2.25 Standards (including amendment) issued but not yet effective:
The Ministry of Corporate Affairs ("MCA") has notified Companies (Indian Accounting Standard) Amendment Rules, 2023 dated March 31, 2023 to amend certain Ind ASs which are effective from April 01, 2023. Below is a summary of such amendments:
(i) Disclosure of Accounting Policies - Amendment to Ind AS 1 Presentation of financial statements:
The MCA issued amendments to Ind AS 1, providing guidance to help entities meet the accounting policy disclosure requirements. The amendments aim to make accounting policy disclosures more informative by replacing the requirement to disclose 'significant accounting policies' with 'material accounting policy information'. The amendments also provide guidance under what circumstance, the accounting policy information is likely to be considered material and therefore requiring disclosure.
The amendments are effective for annual reporting periods beginning on or after April 01, 2023. The Company is currently revisiting their accounting policy information disclosures to ensure consistency with the amended requirements.

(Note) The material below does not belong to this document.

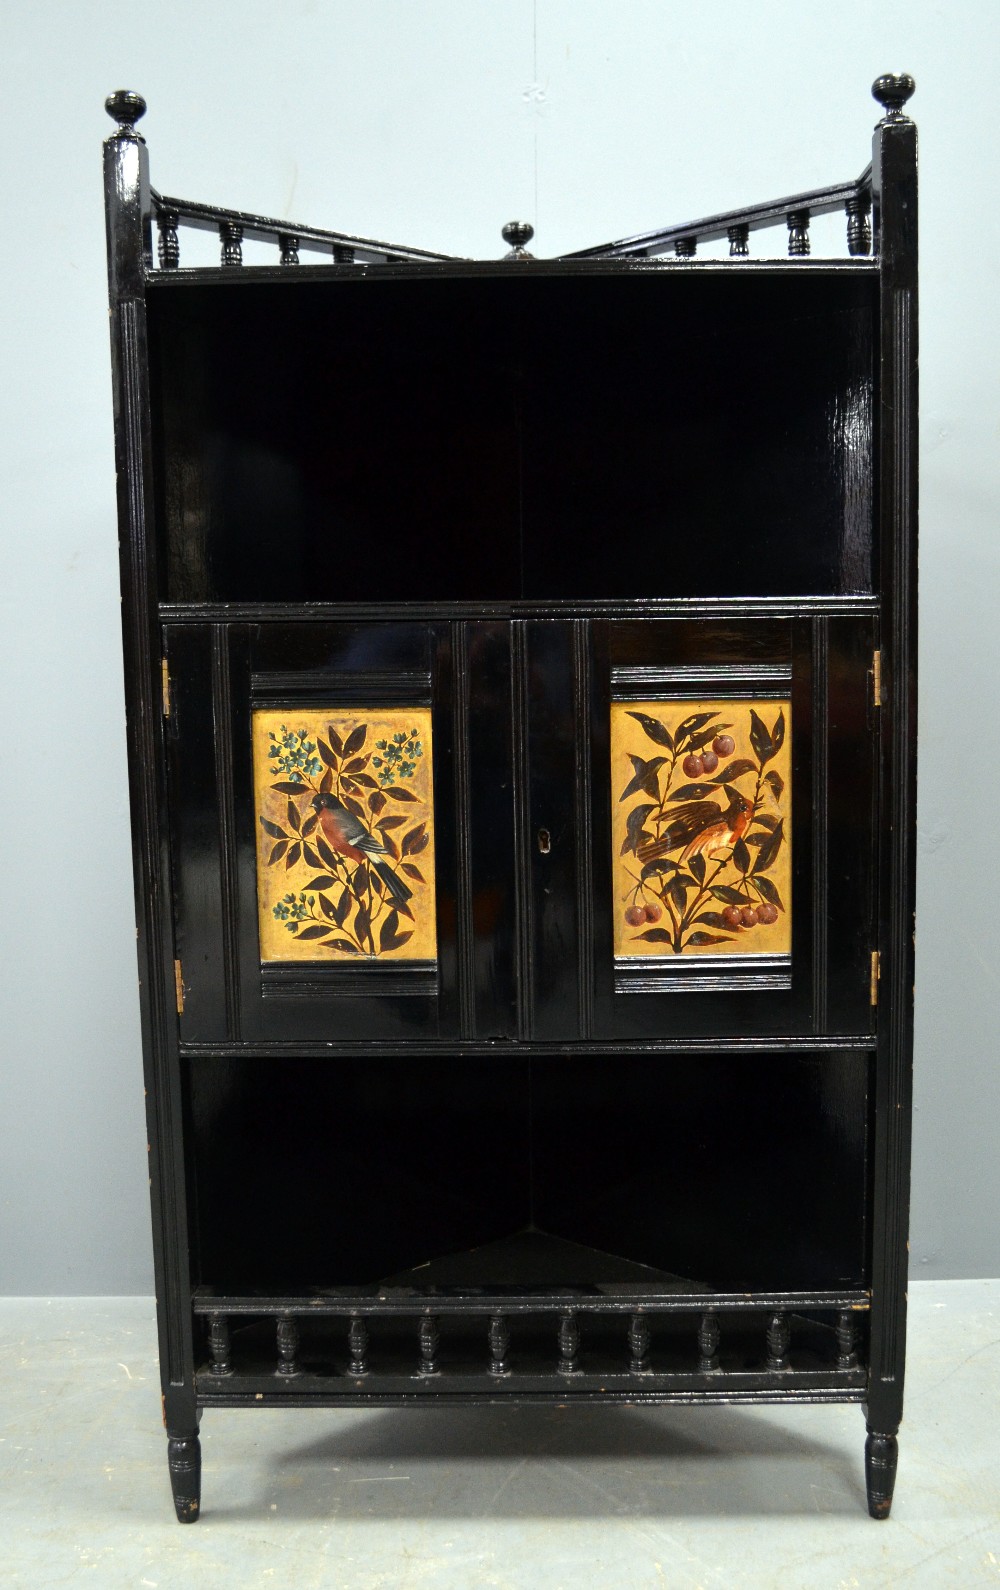 Ebonised corner cupboard in the manner of E. W. Godwin with gilt decorated panels depicting birds

(ii) Definition of Accounting Estimates - Amendments to Ind AS 8 Accounting policies, changes in accounting estimates and errors:
The amendment to Ind AS 8, which added the definition of accounting estimates, clarifies that the effects of a change in an input or measurement technique are changes in accounting estimates, unless resulting from the correction of prior period errors. These amendments clarify how entities make the distinction between changes in accounting estimate, changes in accounting policy and prior period errors. The distinction is important, because changes in accounting estimates are applied prospectively to future transactions and other future events, but changes in accounting policies are generally applied retrospectively to past transactions and other past events as well as the current period.
The amendments are effective for annual reporting periods beginning on or after April 01, 2023. The amendments are not expected to have a material impact on the Company's financial statements.
(iii) Deferred Tax related to Assets and Liabilities arising from a Single Transaction - Amendments to Ind AS 12 Income taxes:
The amendment to Ind AS 12, requires entities to recognise deferred tax on transactions that, on initial recognition, give rise to equal amounts of taxable and deductible temporary differences. They will typically apply to transactions such as leases of lessees and decommissioning obligations and will require the recognition of additional deferred tax assets and liabilities.
The amendment should be applied to transactions that occur on or after the beginning of the earliest comparative period presented. In addition, entities should recognise deferred tax assets (to the extent that it is probable that they can be utilised) and deferred tax liabilities at the beginning of the earliest comparative period for all deductible and taxable temporary differences associated with:
• right-of-use assets and lease liabilities, and
• decommissioning, restoration and similar liabilities, and the corresponding amounts recognised as part of the cost of the related assets.
The cumulative effect of recognising these adjustments is recognised in retained earnings, or another component of equity, as appropriate. Ind AS 12 did not previously address how to account for the tax effects of on-balance sheet leases and similar transactions and various approaches were considered acceptable. Some entities may have already accounted for such transactions consistent with the new requirements. These entities will not be affected by the amendments.
The Company is currently assessing the impact of the amendments.
(iv) The other amendments to Ind AS notified by these rules are primarily in the nature of clarifications.